Task brief
From the entries below, transcribe exactly the lines between the line holding "Table Chair Feet" and the line holding "Golden apricot hair", inclusive; skip all other lines.

====== Data to process ======

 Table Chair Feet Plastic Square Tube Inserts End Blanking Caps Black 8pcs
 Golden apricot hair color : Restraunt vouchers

======
====== Data to process ======

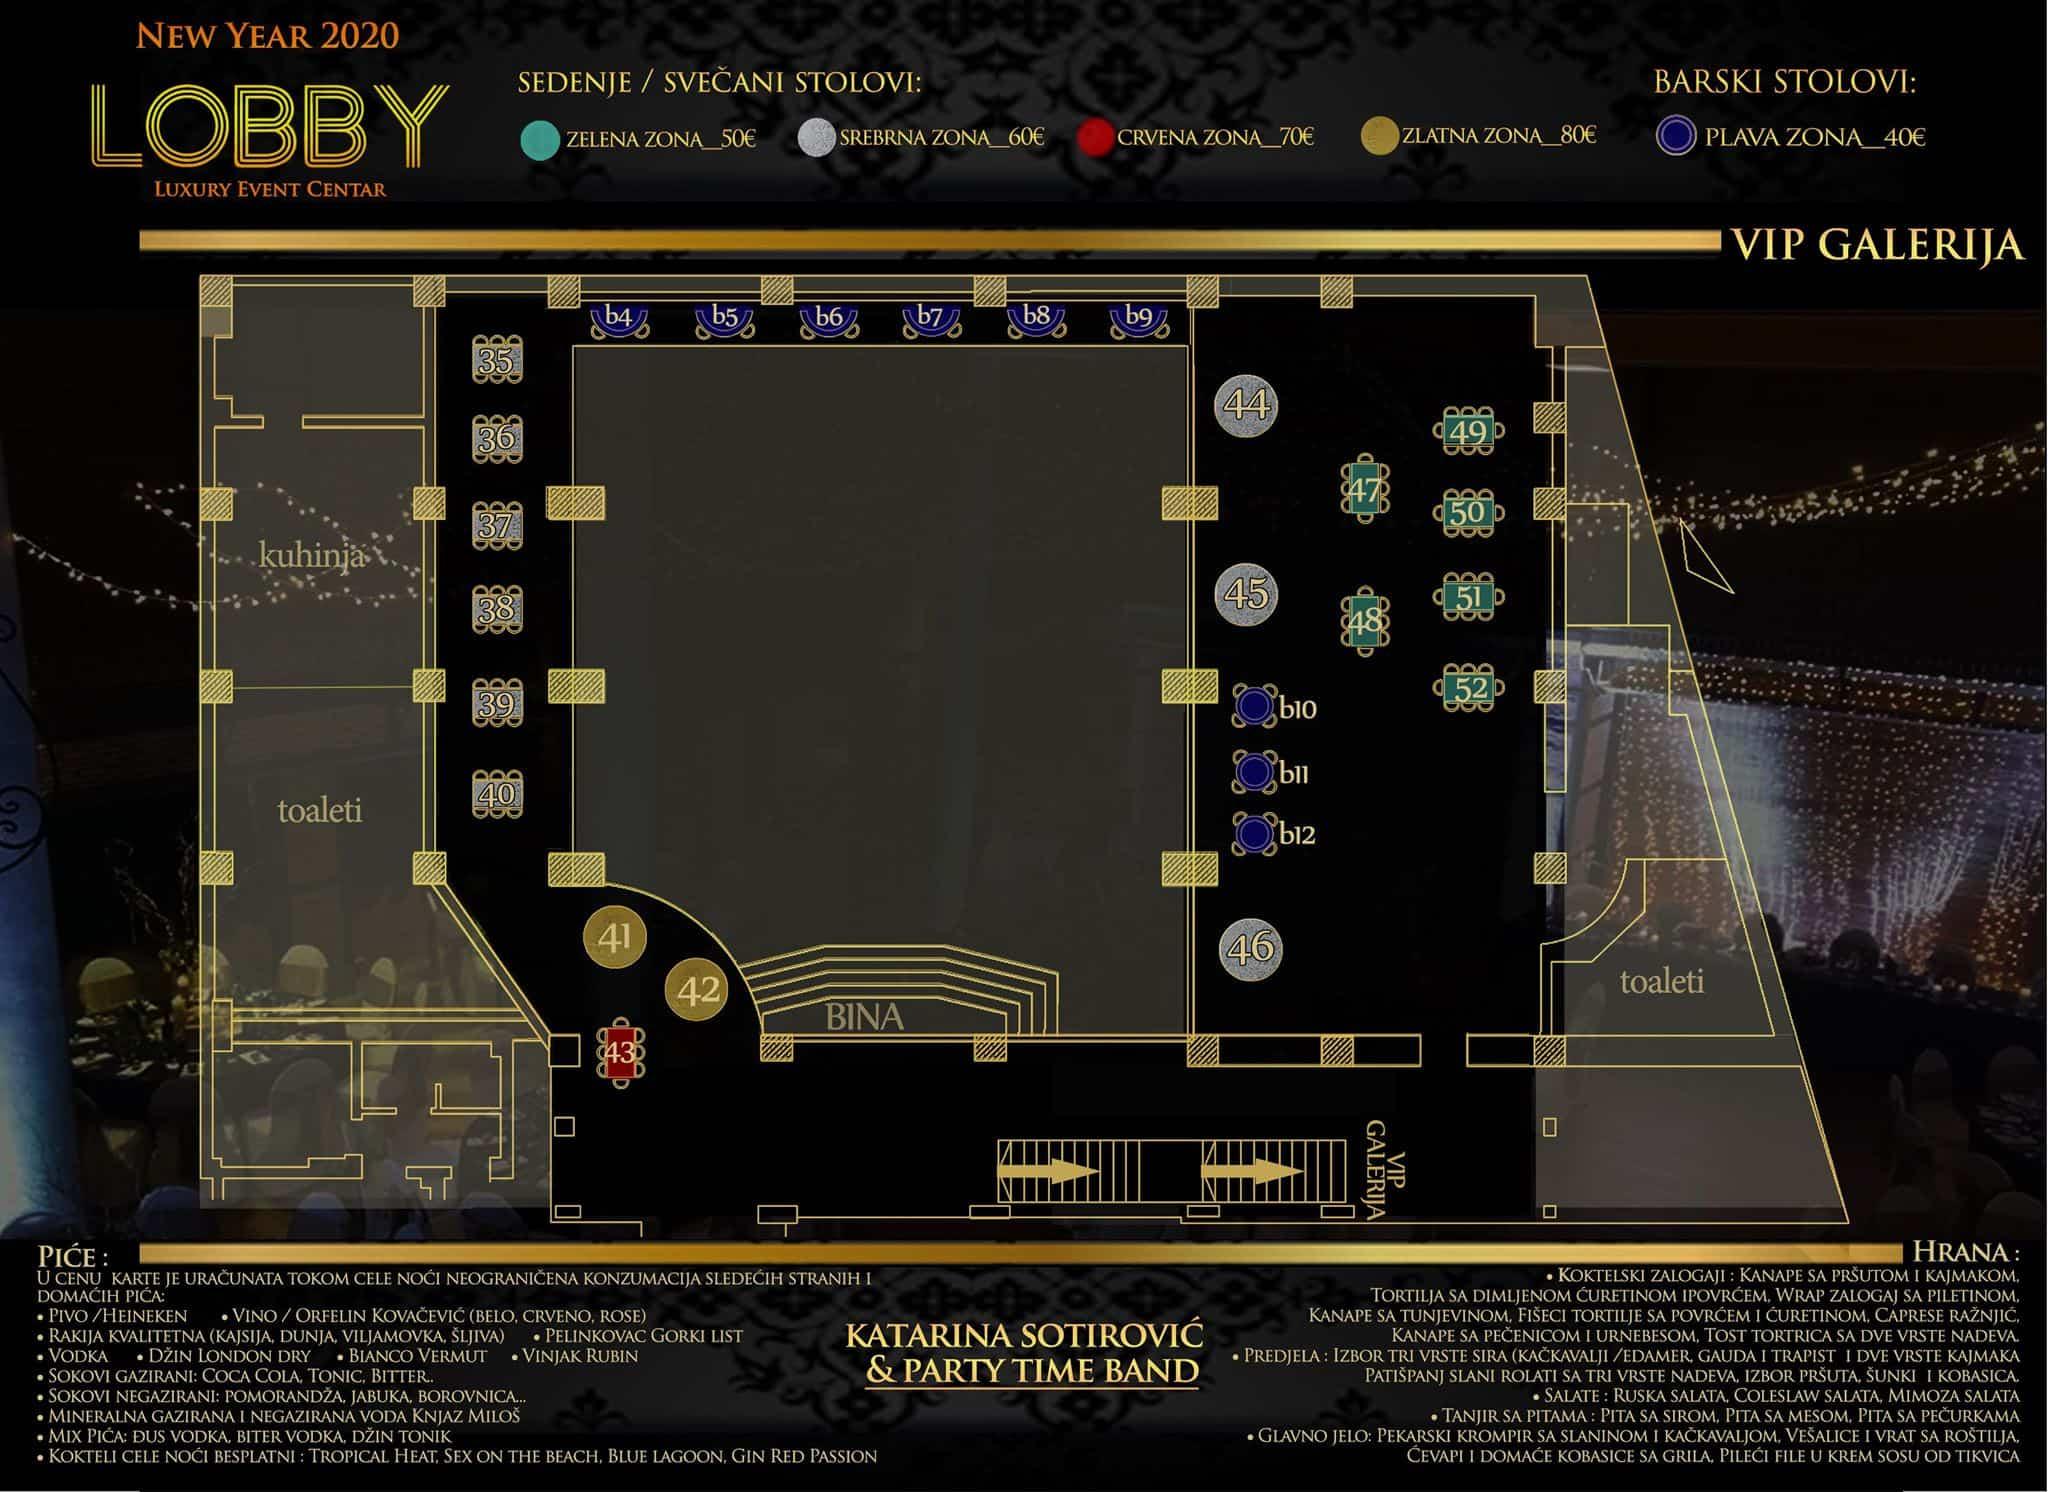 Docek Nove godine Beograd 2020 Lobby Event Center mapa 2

======

Solved exercise
 Table Chair Feet Plastic Square Tube Inserts End Blanking Caps Black 8pcs
 Golden apricot hair color : Restraunt vouchers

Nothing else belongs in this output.